Tuesday, January 24, 2023

My Life As A Gamer: Expeditions, Explorations, Encounters (Part Two)

(Yesterday's post is here. Citations from the Player's Handbook (PHB) and Dungeon Master's Guide (DMG) for Advanced Dungeons & Dragons, 1st Edition (AD&D1e) made as needed.)

Travel through the outdoors, sometimes called a hexcrawl, is itself a streamlined procedure. DMG p. 47 handles it.

You need to know the following elements: Type of Terrain, Population Density, Party Movement Rate.

Put these together and you will know how fast the party travels, the odds of a random encounter, and the rate of encounter checks.

This is something that, for those sensitive to time pressure, can be done during downtime between sessions at the discretion of the Dungeon Master (DM). Classes that focus upon pathfinding or stealth--Assassins, Monks, Rangers, Thieves--will find this to be a useful course of action when other activities do not require their attention, and the maps created by doing so can be copied and sold.

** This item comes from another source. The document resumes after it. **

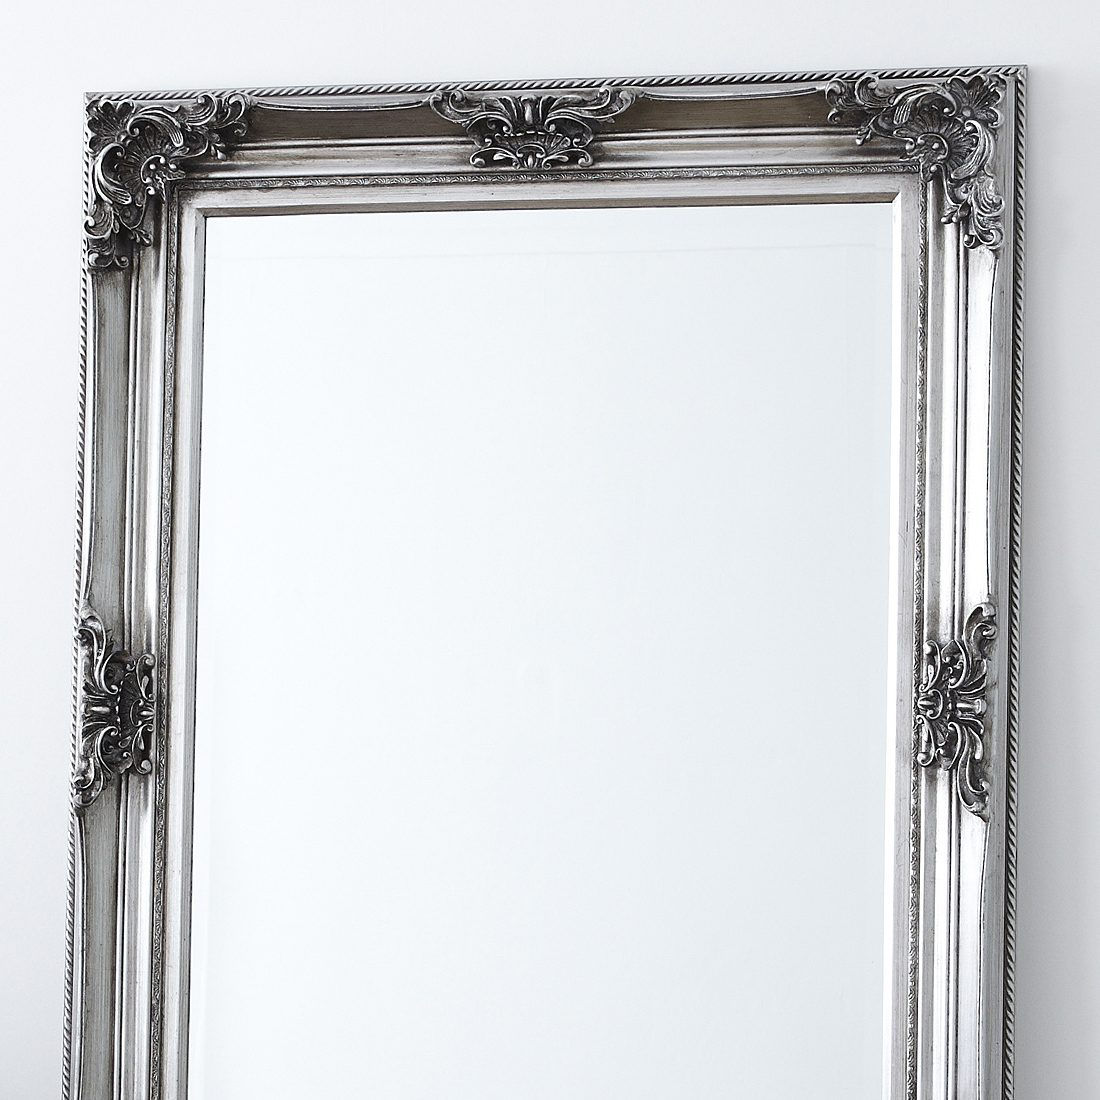 plum sofas uk sofa legs south africa decorative pewter floor standing mirror – primrose &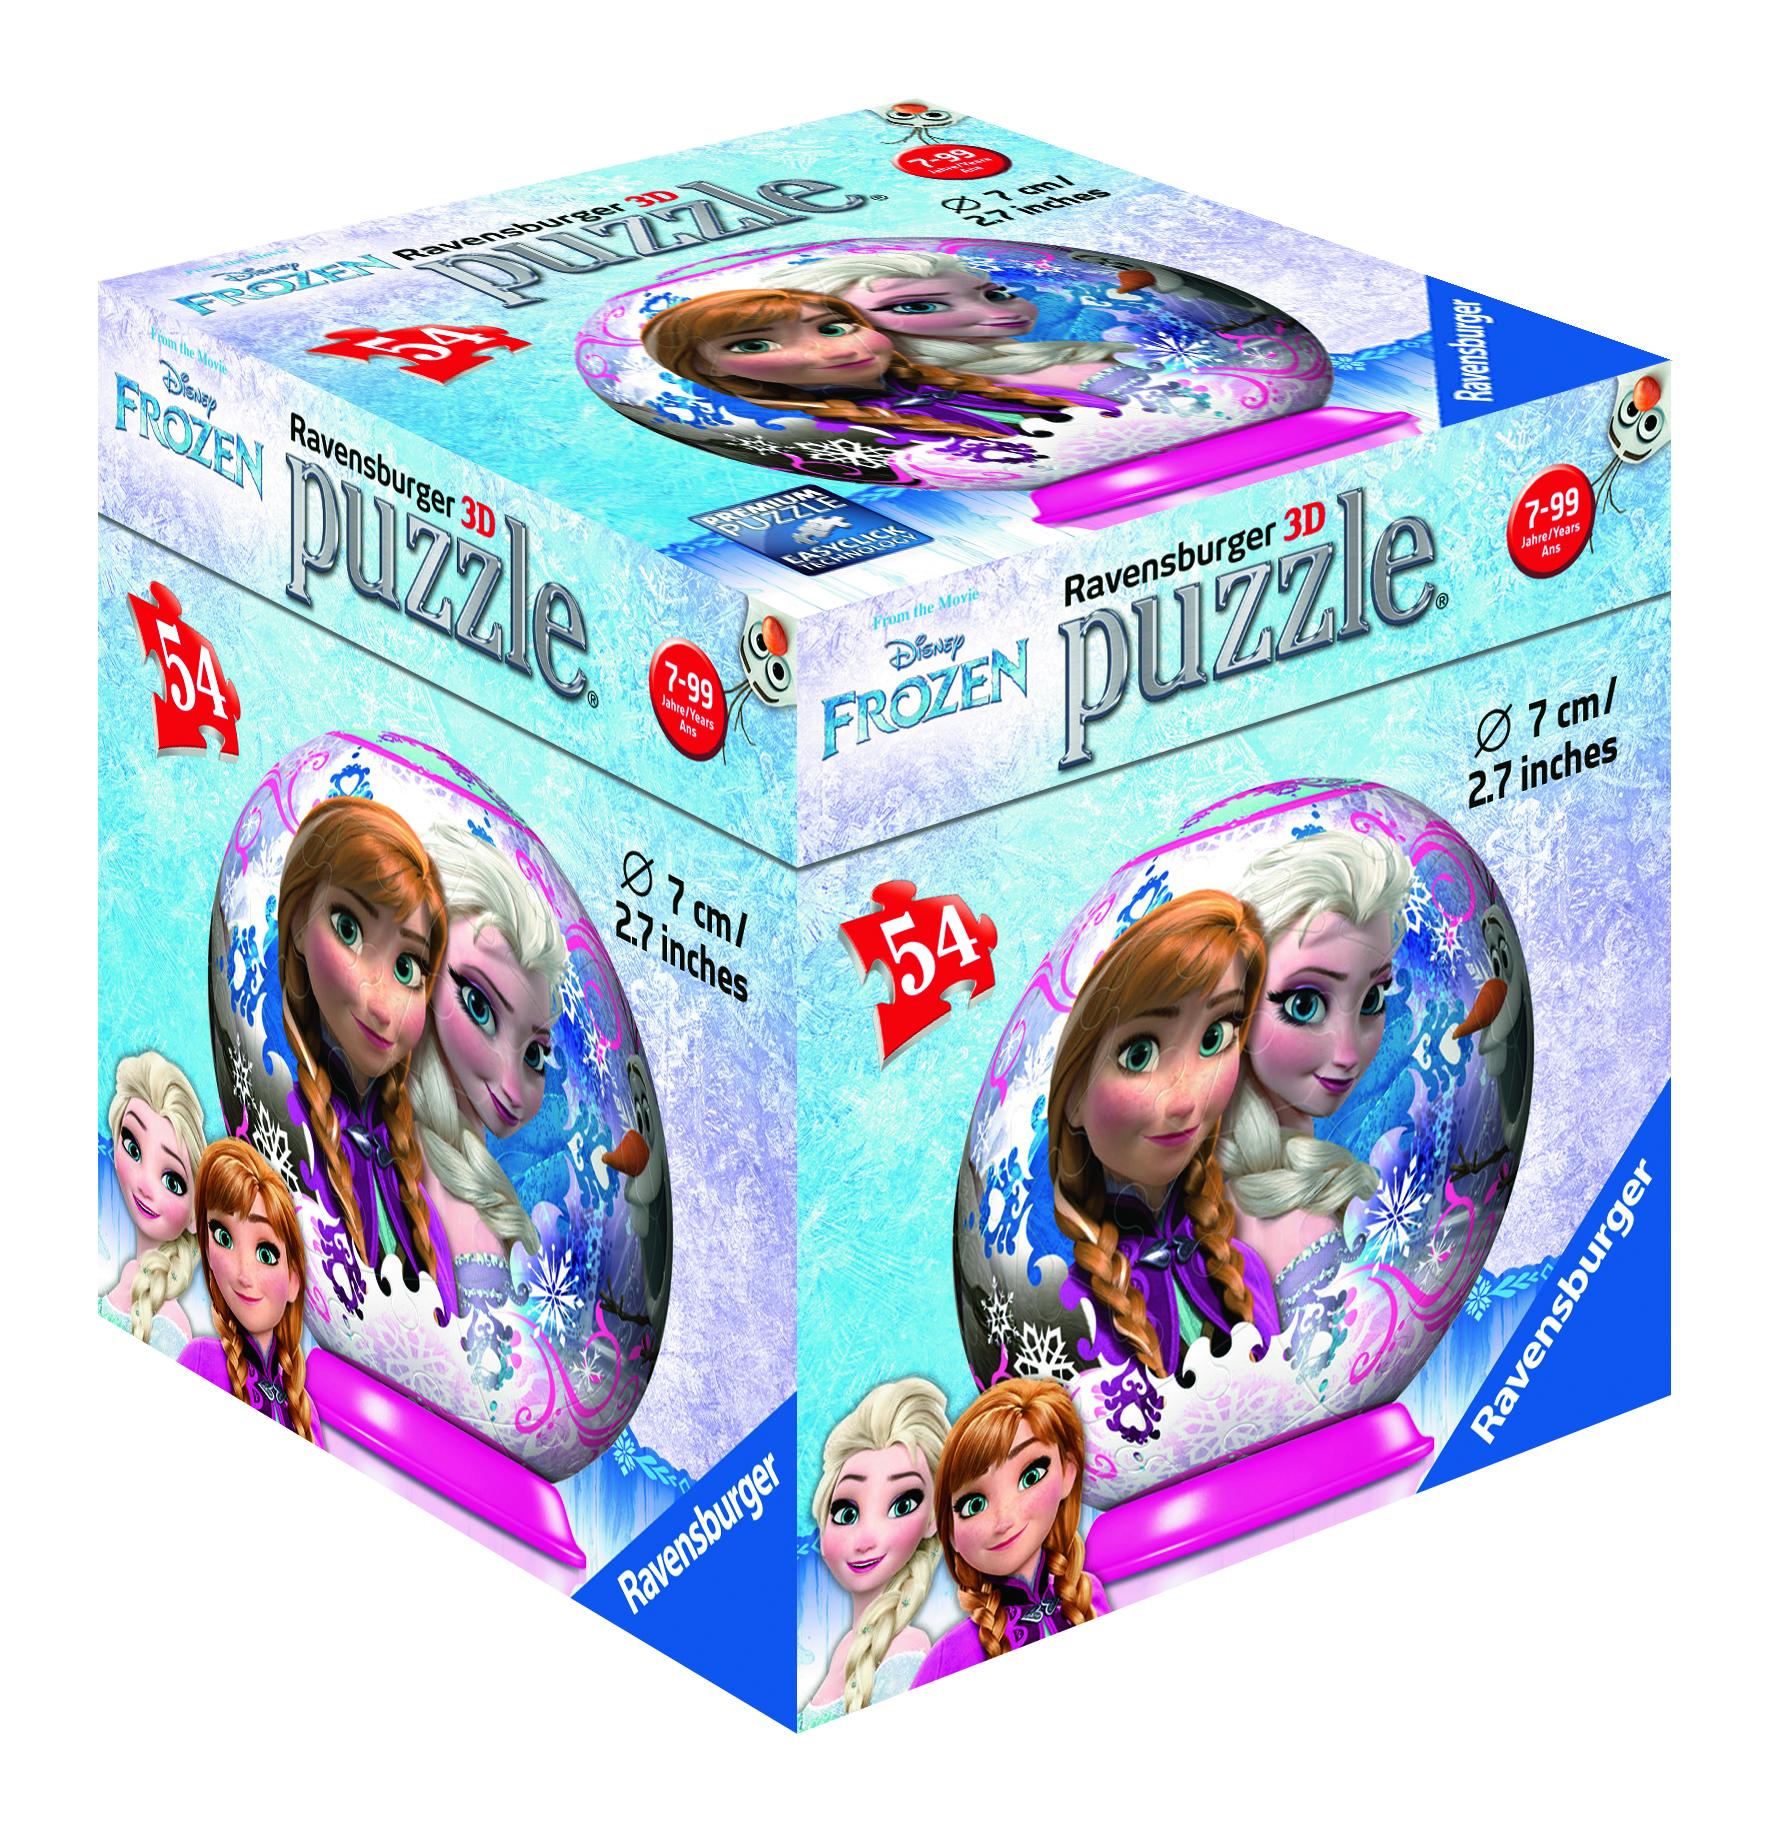 Puzzle La reine de Neiges - puzzle 3D - 54 pièces - Ravenburger

A confirmed route from Town to Dungeon negates the odds of getting lost (p. 49), as it performs the function of a road or similar known route (like a river).

This points to a useful low-level activity: pathfinding secure routes from A to B, elminating obstacles along the way. This is another activity that Patrons should support passively, but not intervene directly. Monster lairs, possible Dungeon locations, etc. can be found along the way and marked for follow-up investigations later.

As a matter of practical real-life time management, players should consider handling this away from the table along with deciding upon what to do during play next time.

The DM should expect to resolve this using whatever downtime communications channel he established for the campaign.

In this manner, the campaign map can slowly recede in real time without relying on contrivances, but instead on the inputs of sufficiently motivated players- that motivation, typically, being to find likely treasure hoards; it is yet another way to play the game when you are not at the table. Whatever one character pass up can be transmitted out for others to follow-up at their discretion.

But what about the Dungeon itself?

That's for tomorrow, and to whet your appetite I suggest not watching movies about treasure-hunting or playing games about the same, but rather to review what happens when lost cities and colossal ruins are actually found. The expedition overland is but a prelude to the real adventuring mainstay: the exploration of the Dungeon itself.